The artist looks at his work with pride: It appears to be perfect in every way. He summons the teacher for an opinion. Inclined to encourage young artists, she gingerly opines, “It’s really good. But something is missing.” The student looks again carefully at his work. Quizzically he asks, “What’s missing?” Without hesitation the teacher replies, “It has no life.”
Jesus brings abundant life. For many of us in North America, abundance brings images of material prosperity: a lavish home, worldwide cruises, luxury cars, a lucrative career, surplus money in the bank, or winning the lottery. We imagine that this kind of prosperity would allow us to live life to the fullest. But for so many who enjoy “the good life,” something is still missing: life.

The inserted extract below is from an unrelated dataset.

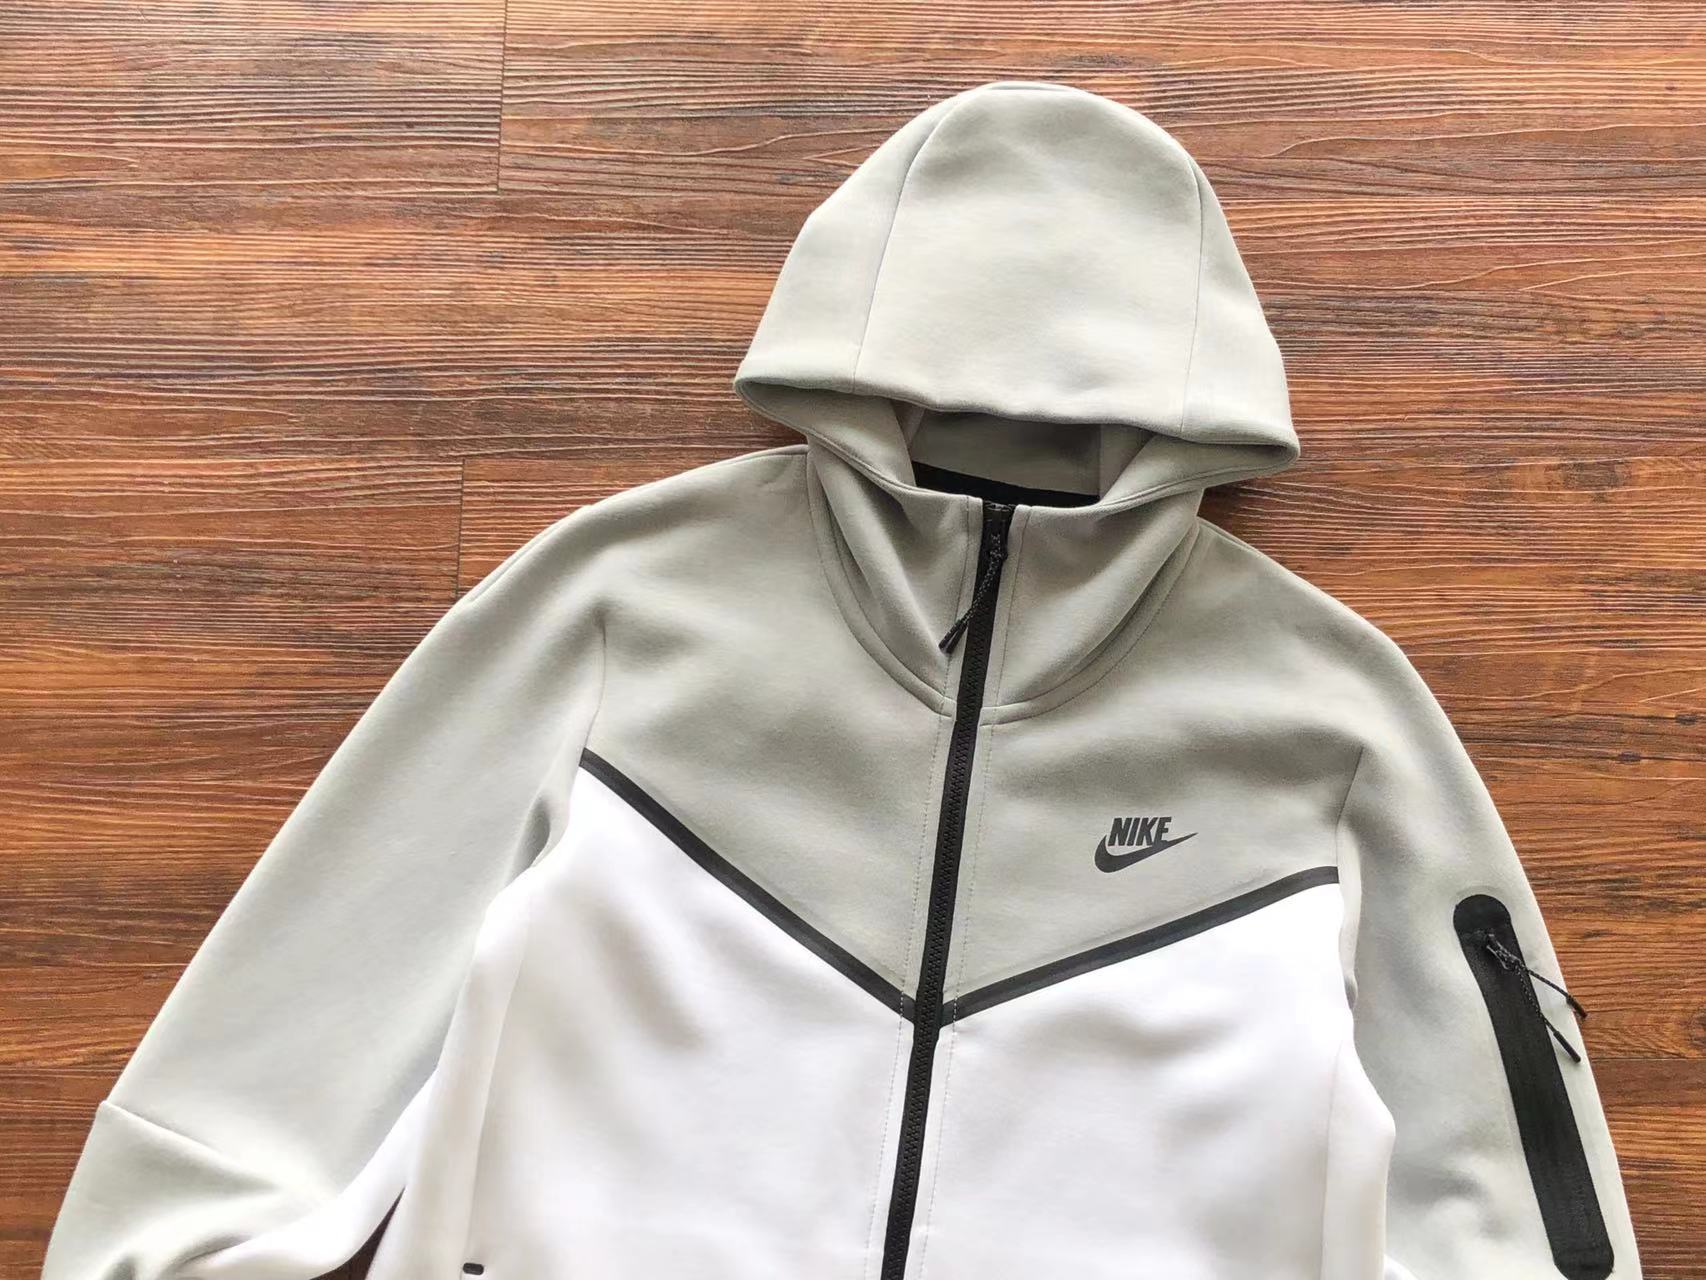 Nike Tech Fleece Branco/Cinza - Conforto e Estilo em um só Conjunto!

Abundant life does not consist of an abundance of material things. If that were the case, Jesus would have kept company with the wealthy and influential. But it’s just the opposite.
In today’s reading, the word abundantly connotes excessive, beyond measure, more, superfluous—a quantity so immeasurable that it is more than what one would expect or anticipate. This is the kind of life Jesus brings. It is more than we could ever imagine.
An abundant life is not necessarily a long life, but it is a full one. We get a glimpse of this fullness, this abundance, only by looking to the One who, being in the form of God, did not exploit his equality with God, but emptied himself. (See Philippians 2:5-7.) Jesus shares wisdom hidden from the robust and the clever: The last shall be first; the least shall hold pride of place; the littlest have much to offer the big and the strong; in weakness lies strength. In emptying himself, Jesus is able to give life abundant. By learning to live with less, in emptying ourselves, we can be filled with an abundance that will truly satisfy.
Jesus, Son of the Living God, give me the will this day to make enough room for the gifts of your Spirit that hold the seeds of the abundant life you promise. Amen.
The reading from Acts picks up the themes of mutual love and fellowship from last week’s readings and records that the display of these qualities captured the attention of the people in Jerusalem. When the church displays these qualities today, they still attract people to the Lord. The psalm and First Peter are linked by the theme of suffering. In Psalm 23, David is confident that God will stay with him even through the darkest valley. Peter encourages his audience to walk through that same valley, strengthened by the knowledge that God will never abandon them and that they are following the example of Christ. In John, Jesus declares that he is the way to safety for God’s sheep, so we should listen to his voice alone.
Read Acts 2:42-47. How do you see Good Time and Bad Time coexisting in your life or in your community?
Read Psalm 23. How do this psalm’s joys and comforts change when you consider the suffering of the psalmist in Psalm 22?
Read 1 Peter 2:19-25. When you have been caught in a struggle, how have your actions helped or worsened your situation?
Read John 10:1-10. How have you or someone you know attempted to enter God’s abundance by stealth? What does it mean for you to rectify this and enter through the gate?